Code Focused
Use the Microsoft Sync Framework to synchronize data changes between SQL Server 2008 Standard, SQL Server 2008 Express and SQL Server Compact Edition 3.5.
Despite the availability of wireless and cellular networks, many applications must support data presentation and collection services while offline or in remote offices. The Microsoft Sync Framework is a highly flexible framework for synchronizing files and data between a client and a master data store. With great flexibility often comes complexity and confusion, however.
Last spring, I lead the Allen Park Neighborhood Center (APNC) team at the annual Lansing Michigan Give Camp during a very sleep-deprived weekend. At the event, more than 100 developers and designers donated their time to create a dozen Web sites and database applications for local charities. The APNC has a service program in which volunteers canvas the entire neighborhood every spring. They survey residents on numerous community health and well-being measures and then work to connect people with available services. The APNC needed a way to collect these surveys while out in the neighborhood and then synchronize the data back to the SQL Server database.
This type of scenario occurs at many businesses and non-profit organizations. A central SQL Server 2008 Standard (or Enterprise) instance will synchronize to multiple SQL Server 2008 Express instances at remote locations, perhaps connected over slower network lines, with the need to take the data offline on laptops or tablets at each remote location. Once the data is updated on the laptop, it needs to be synchronized with the SQL Server 2008 Express instance, and the Express instance is then synchronized with the central SQL Server 2008 Standard/Enterprise instance. The code in this article is a sample database synchronization library for this common scenario – the need to synchronize SQL Server between server editions and offline databases. The sample application is written as a hybrid C# and Visual Basic client.

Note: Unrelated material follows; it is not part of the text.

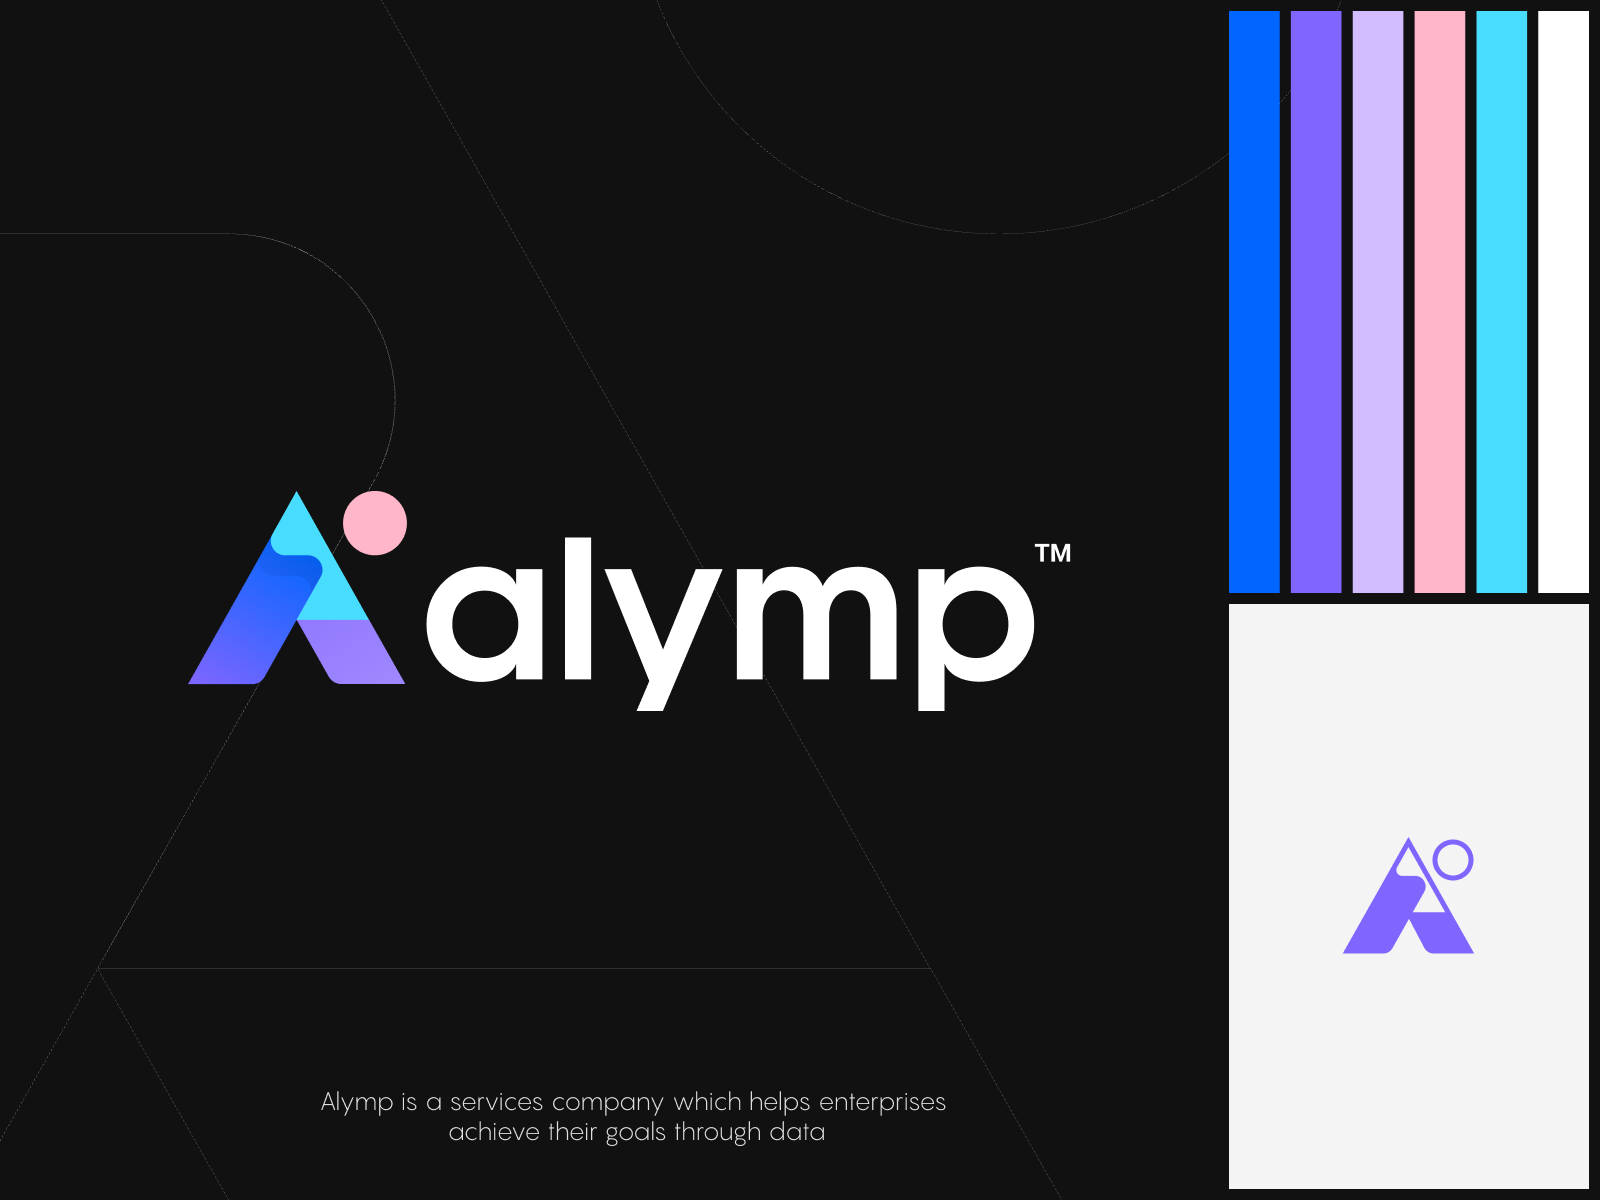 Alymp Logo Design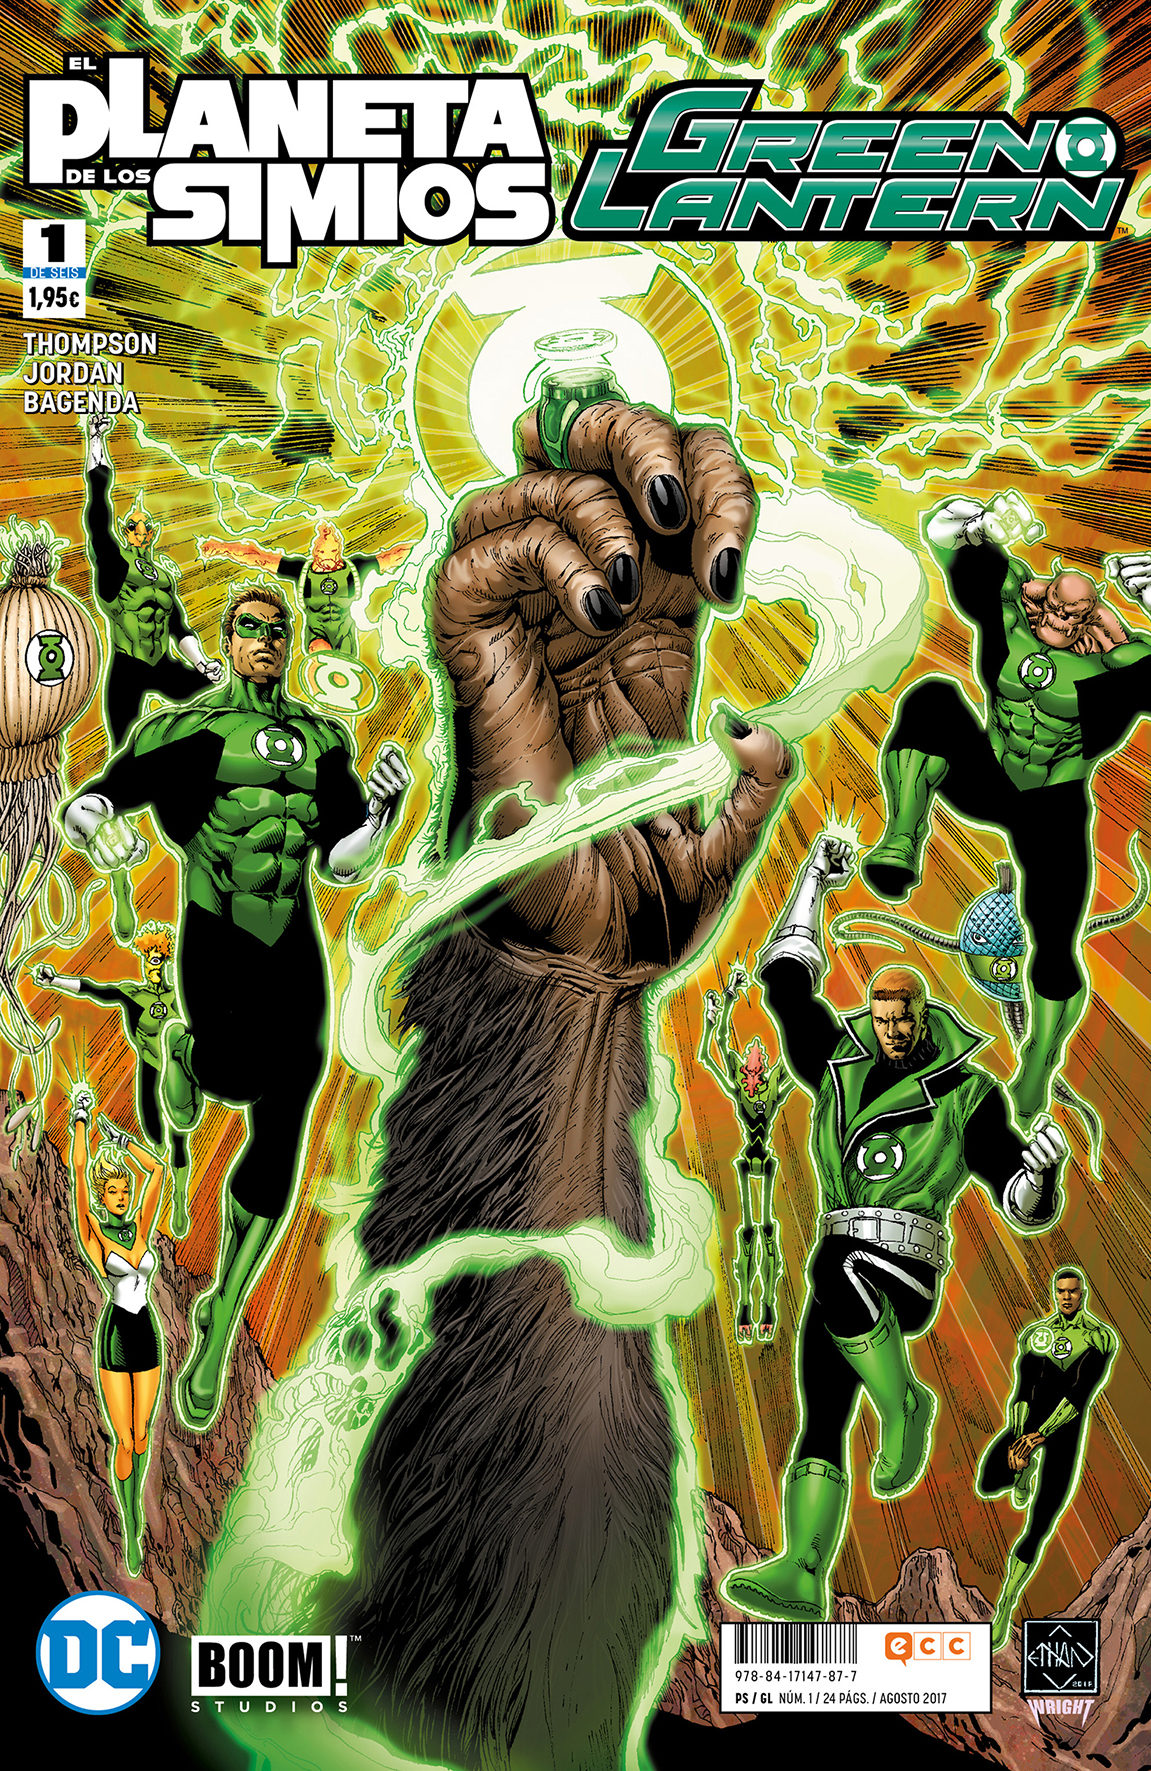 green lantern/el planeta de los simios nº 01 (de 6)-justin jordan-robbie thompson-9788417147877

Synchronization might appear relatively straightforward, but it can quickly become complicated and problematic, driving the need for a tool such as the Microsoft Sync Framework. The Microsoft Sync Framework 2.1 Software Development Kit (SDK) is available here.
Developer Challenges
Synchronization typically refers to file or database row-level synchronization. Most of us have used applications with offline synchronization such as Microsoft Outlook or Live Mesh, or third-party applications such as Dropbox or Evernote. These applications work well and can lull us into believing that synchronization is easy, when it’s quite the opposite. Synchronization is hard for the developer, particularly when multiple nodes are independently updating a master database.
How can records be created at each node so that primary keys remain truly unique across all nodes? If multiple nodes attempt to update the same row, how are physical and logical conflicts resolved? The obvious conflict is if two nodes modify the same record. Often, both updates are permitted, if they impact different columns. But what if one node updates the first name and another node updates the last name in the same row? It’s not a physical column conflict, but it’s reasonable to believe that the nodes were not referring to the same person. Therefore, the updates present a logical conflict. These conflicts need to be detected and addressed.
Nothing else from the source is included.